CSS performance revisited: selectors, bloat and expensive styles
What is fast CSS? Where are the bottlenecks? Are the rules of slow and fast selectors even valid anymore? Are the properties we use more important than the selectors? I felt it was time to revisit some of these questions.
Whenever exchanging theories about the relative ‘speed’ of CSS, other developers often reference Steve Souders work on CSS selectors from 2009. It’s used to validate claims such as ‘attribute selectors are slow’ or ‘pseudo selectors are slow’.
For at least the last couple of years, I’ve felt these kinds of things just weren’t worth worrying about. The soundbite I have been wheeling out for years is:
With CSS, architecture is outside the braces; performance is inside
But besides referencing Nicole Sullivan’s later post on Performance Calendar to back up my assumptions that the selectors used don’t really matter, I had never actually tested the theory; a shortfall in my talent and a less than perfect analytical mind prevented me from even attempting it.
Nothings changed with my mind, but these days I feel happier to open myself to ridicule by attempting this – if only to get someone with more knowledge/evidence to provide further data. So I decided to create some primitive tests.
Testing selector speed
Steve Souders’ aforementioned tests use JavaScript’s new Date()

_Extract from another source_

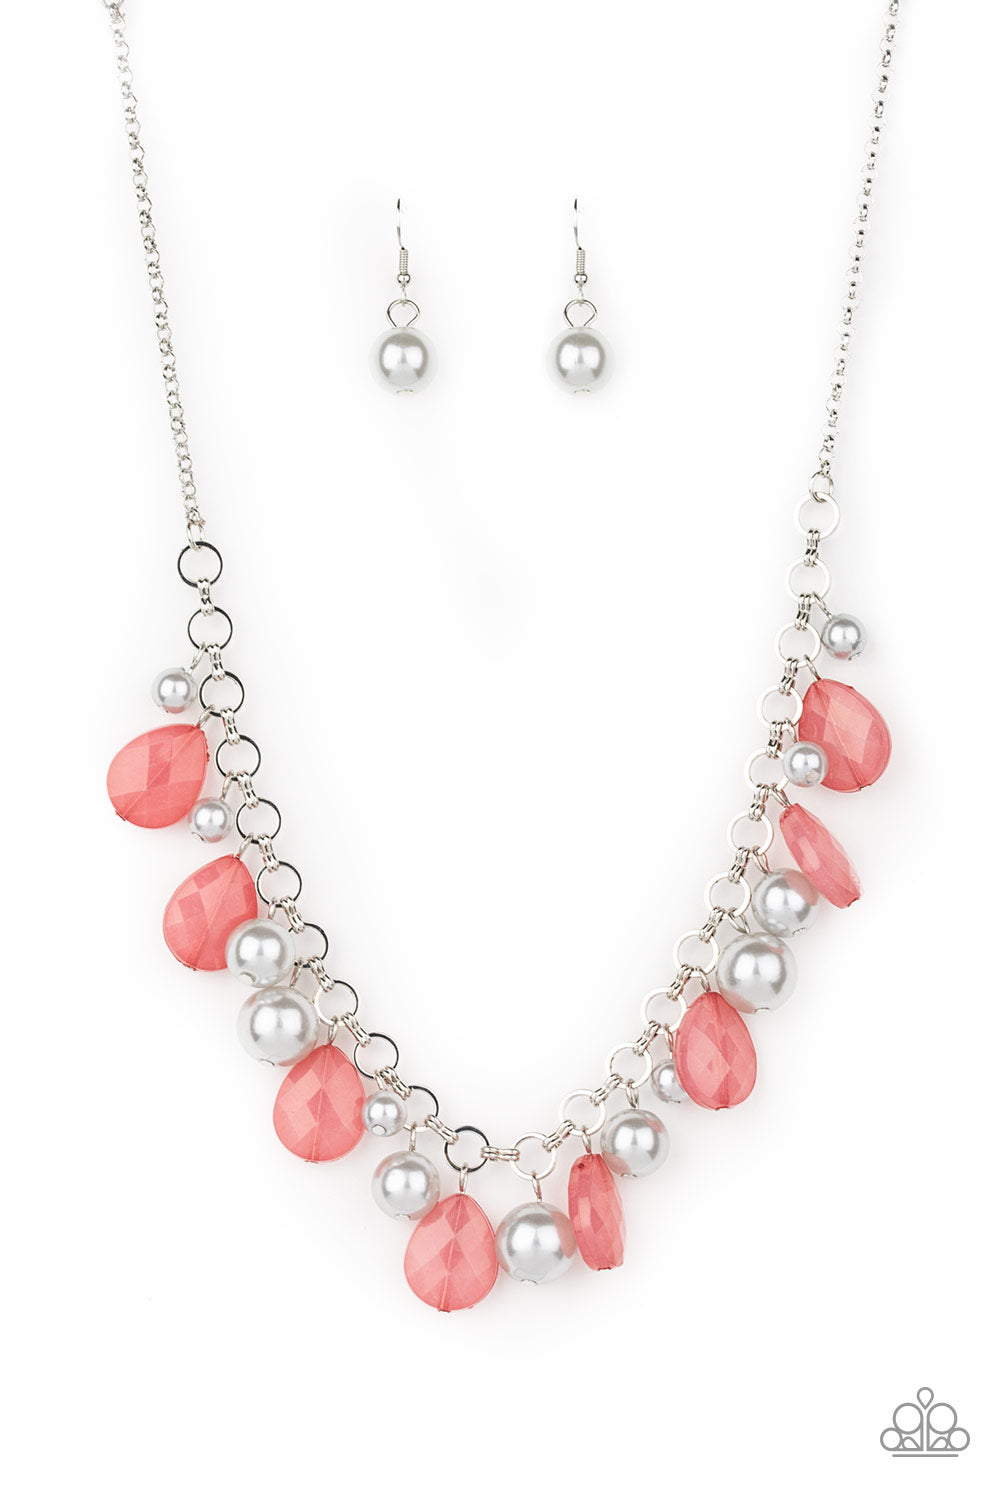 Pacific Posh Multi Paparazzi Necklaces Cashmere Pink Jewels - Cashmere Pink Jewels & Accessories, Cashmere Pink Jewels & Accessories - Paparazzi
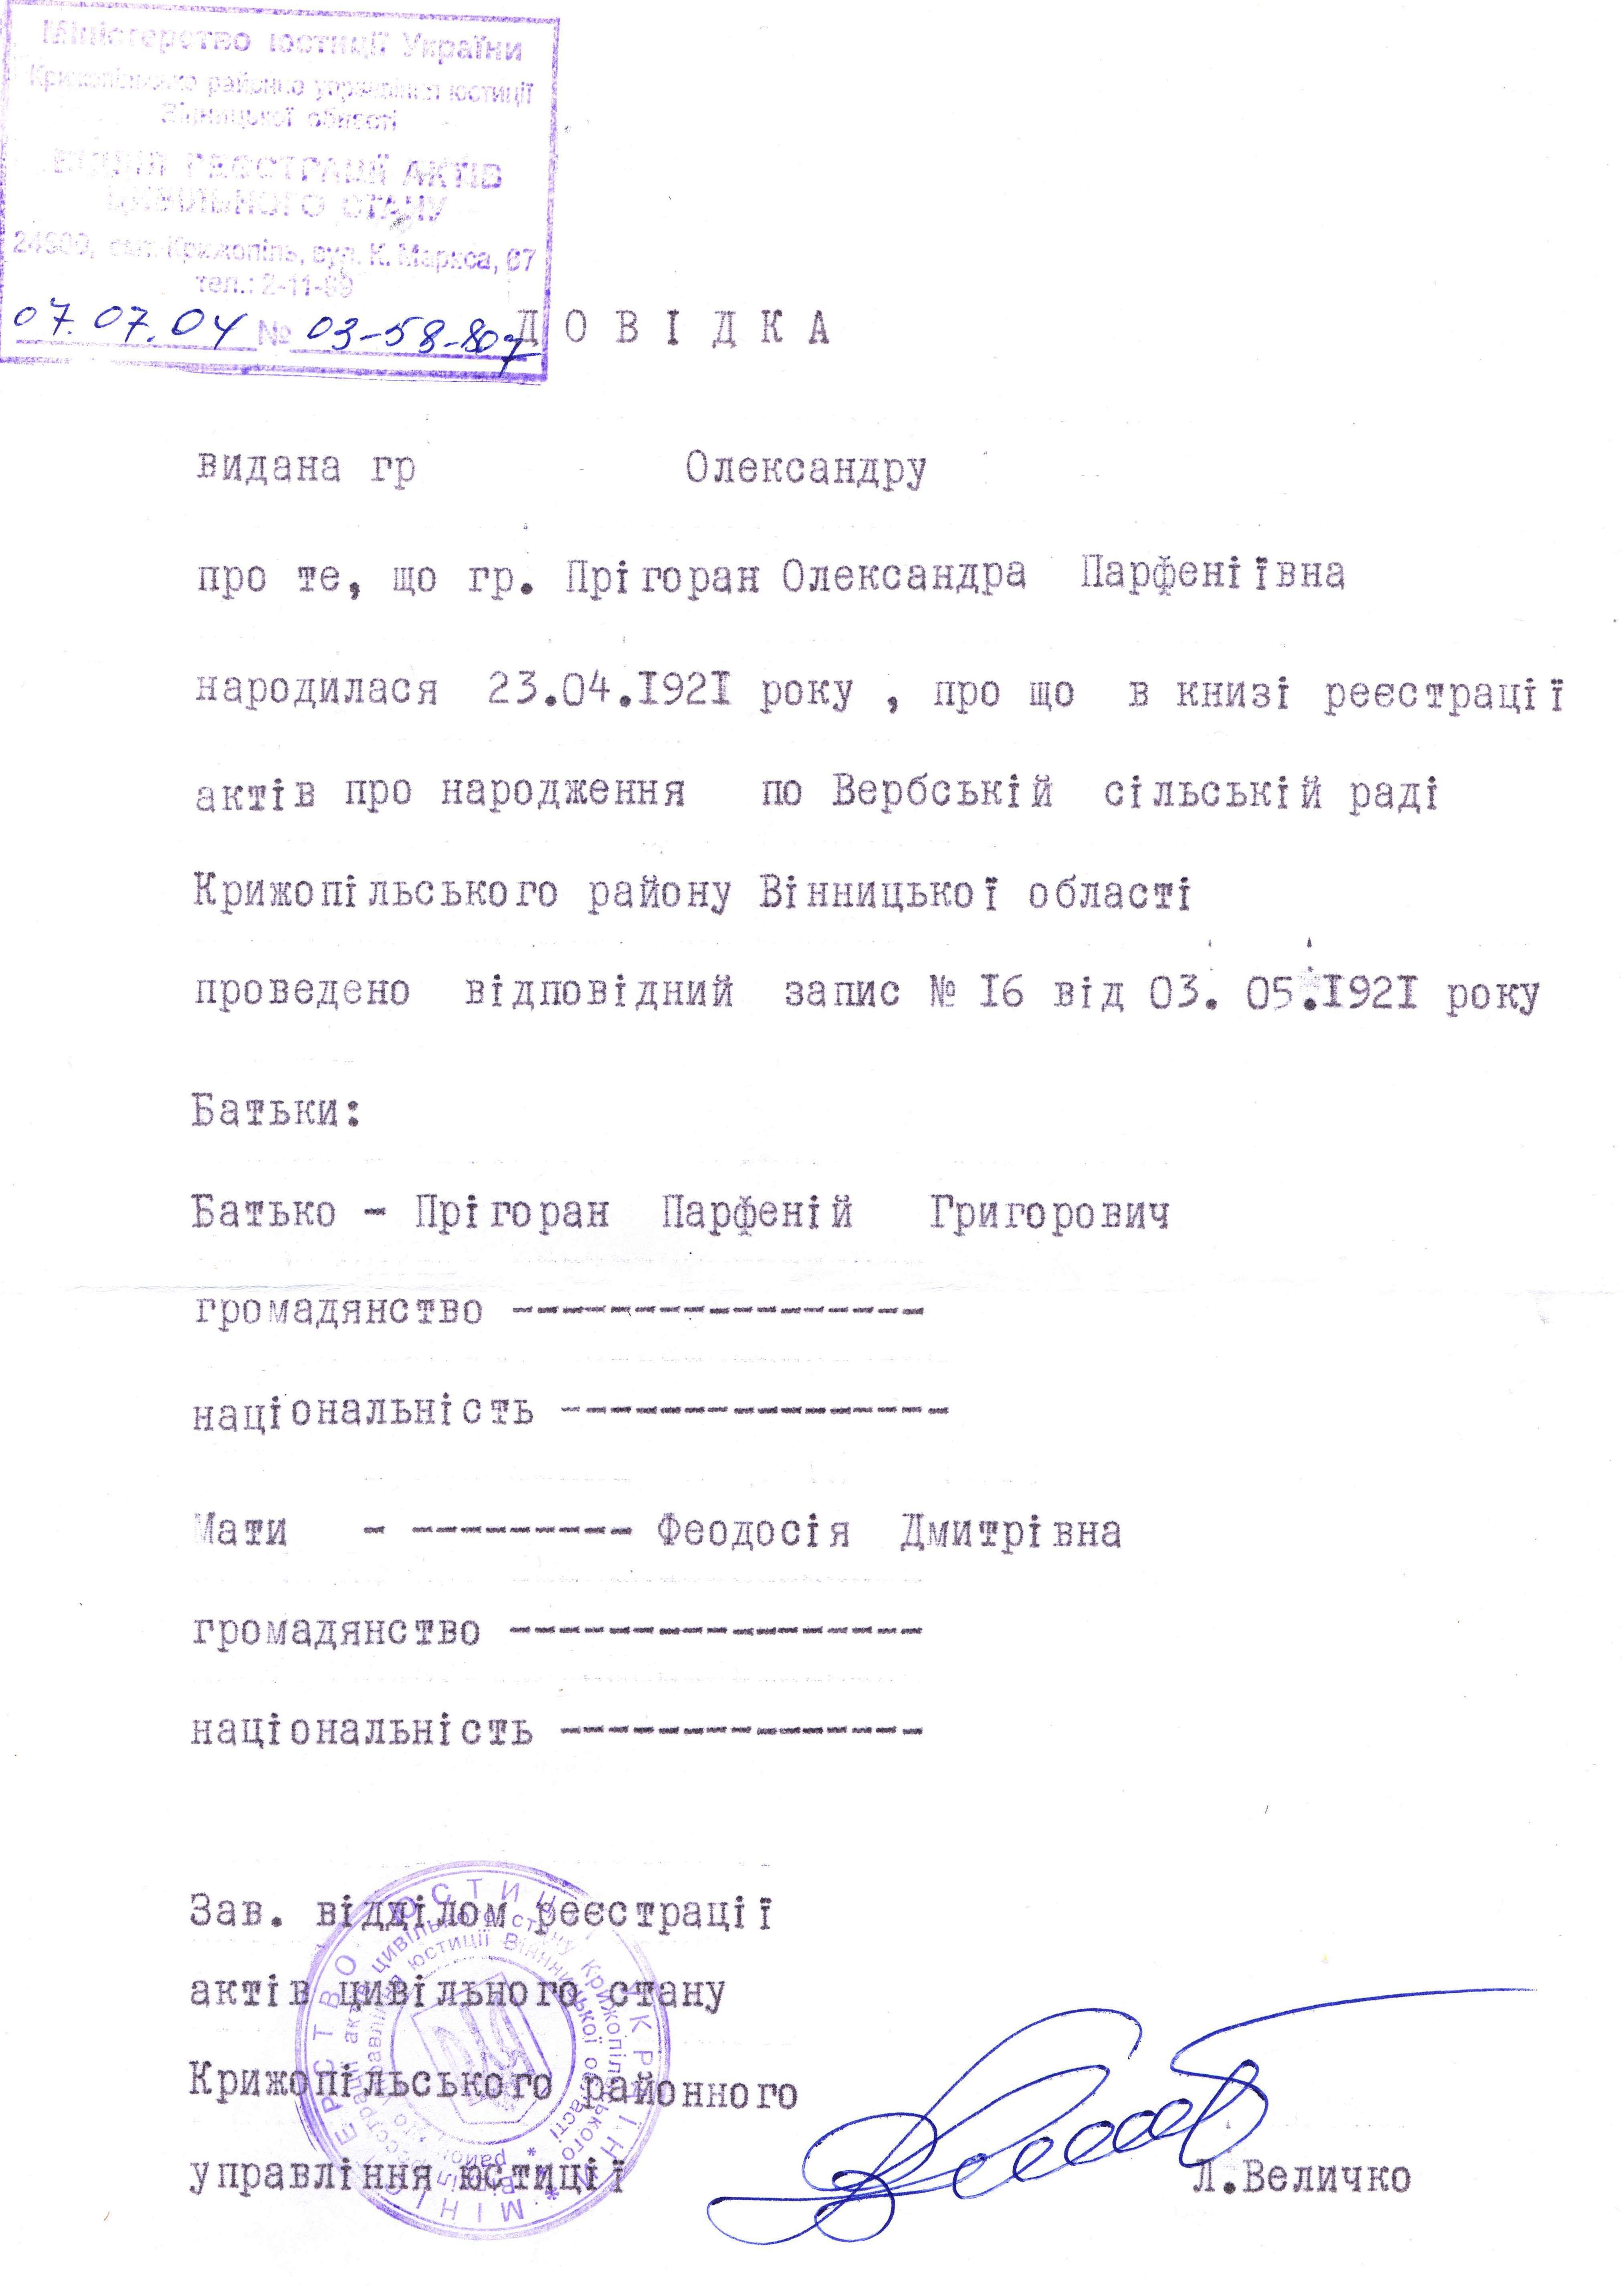 Метрическая запись о рождении Пригоран А.П. 23.04.1921г.

. However, nowadays, modern browsers (iOS/Safari being notable exceptions) support the Navigation Timing API which gives us a more accurate measure we can use. I’ll be implementing it like this:
<script type="text/javascript">
;(function TimeThisMother() {
window.onload = function(){
setTimeout(function(){
var t = performance.timing;
alert("Speed of selection is: " + (t.loadEventEnd - t.responseEnd) + " milliseconds");
}, 0);
};
})();
</script>
This lets us limit the timing between the point all assets have been received (responseEnd
) and the point the page is rendered (loadEventEnd
).
So, I setup a very simple test. 20 different pages, all with an identical, enormous DOM, made up of 1000 identical chunks of this markup:
<div class="tagDiv wrap1">
<div class="tagDiv layer1" data-div="layer1">
<div class="tagDiv layer2">
<ul class="tagUl">
<li class="tagLi"><b class="tagB"><a href="/" class="tagA link" data-select="link">Select</a></b></li>
</ul>
</div>
</div>
</div>
Each page differed only in the rule applied to select the inner most node within the blocks. 20 different selection methods were tested to colour the inner most nodes red:
- Data attribute
- Data attribute (qualified)
- Data attribute (unqualified but with value)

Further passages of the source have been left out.